Year End Wrap Up

My plan for today had been to go play in one of Hiro Higuchi’s quad’s.  It’s a G/60;d10 event, so while it’s faster than I prefer, it’s certainly slow enough to play a solid game in.

Unfortunately for some reason I just could not fall asleep last night.  It was somewhere between 4-5am when I finally drifted off.  So I had to change my plans and not go.

This means I will end the year at 1774, 25 points below where I began it at 1799.

However, aside from the rating, I feel like this was a solid year for me.  I can tell by the way I’m analyzing and annotating games that my understanding has increased quite a bit.

While I haven’t been as consistent as I would have liked to be, I have been putting in a reasonable amount of work.  I have been putting in at least an hour, typically closer to 90 minutes, around five times a week.  This is in addition to solving tactics on my phone and watching broadcasts of strong events where I analyze and play some guess the move.

For the past week I’ve been working extremely hard since I had some time off.  So for the past seven days I’ve been putting in more like 5-7 hours a day.  That will continue through Monday, and then I go back to work Tuesday.

I’ve been trying to vary the work a bit, but include a lot of solving.  Tactics, Yusupov, Aagaard, etc.

I’ve also been working fairly hard (relative for me) on my openings.  While I am not, and never will, work on memorizing for the sake of memorizing, I have been working on learning more theory and figuring out how it applies to the plans in the positions I play.

I am also narrowing my repertoire with the idea that I will learn my openings deeper this way.

All in all I feel like I had a solid year as a player.  There are certain things that I don’t think that I did enough which I believe impacted the rating, but I will discuss those in my 2018 preview post, coming up next!

Til Next Time,

Chris Wainscott

One thought on “Year End Wrap Up”

  1. “However, aside from the rating, I feel like this was a solid year for me. I can tell by the way I’m analyzing and annotating games that my understanding has increased quite a bit.”

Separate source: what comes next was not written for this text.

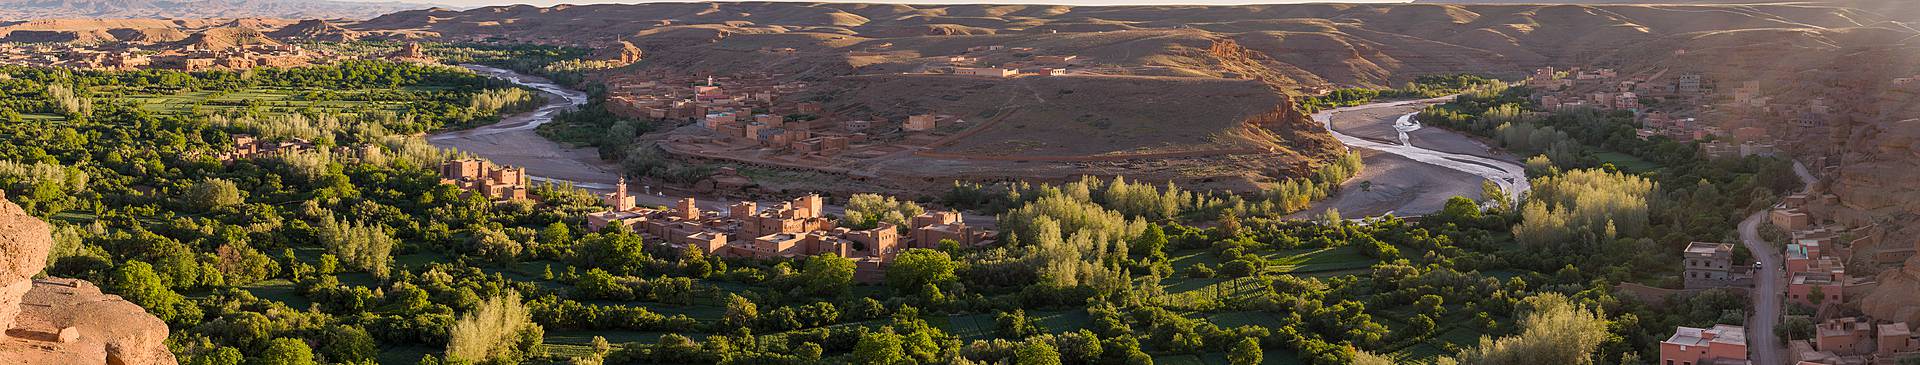 Morocco in June

    On the one hand, your goal is to achieve a 2200 rating as if rating means something.

    I absolutely agree that rating means something!

    On the other hand, when year after year your rating is in the 1700s, you insist that the rating doesn’t mean anything, that you really are getting better, despite the rating staying about the same.

    And the fact(?) that you just know you are getting better, justifies you sticking with some of the stuff you have been doing for years, like going over Grandmaster games and solving tactical puzzles.

    They say, if it ain’t broke, don’t fix it.

    On the other hand they say, don’t stand pat on a losing hand.

    Also, they say, the definition of insanity is to keep doing the same thing but expect a different result.

    An example from myself, I had a Chicago Open where I was Black 4 of the 7 games, and all 4 of my White opponents started with 1.d4.

    Then my next tournament I was Black 2 of the first 3 rounds and both of my White opponents opened with 1.d4.

    So in a 10 game stretch I was Black 6 times and all 6 of my opponents started with 1.d4.

    Although I was the lower rated player in all 6 games, I was not satisfied with my result of just 3 Draws and 3 losses.

    Was my defense to 1.d4 broke? Yes!

    Did I stand pat on a losing hand? Nope!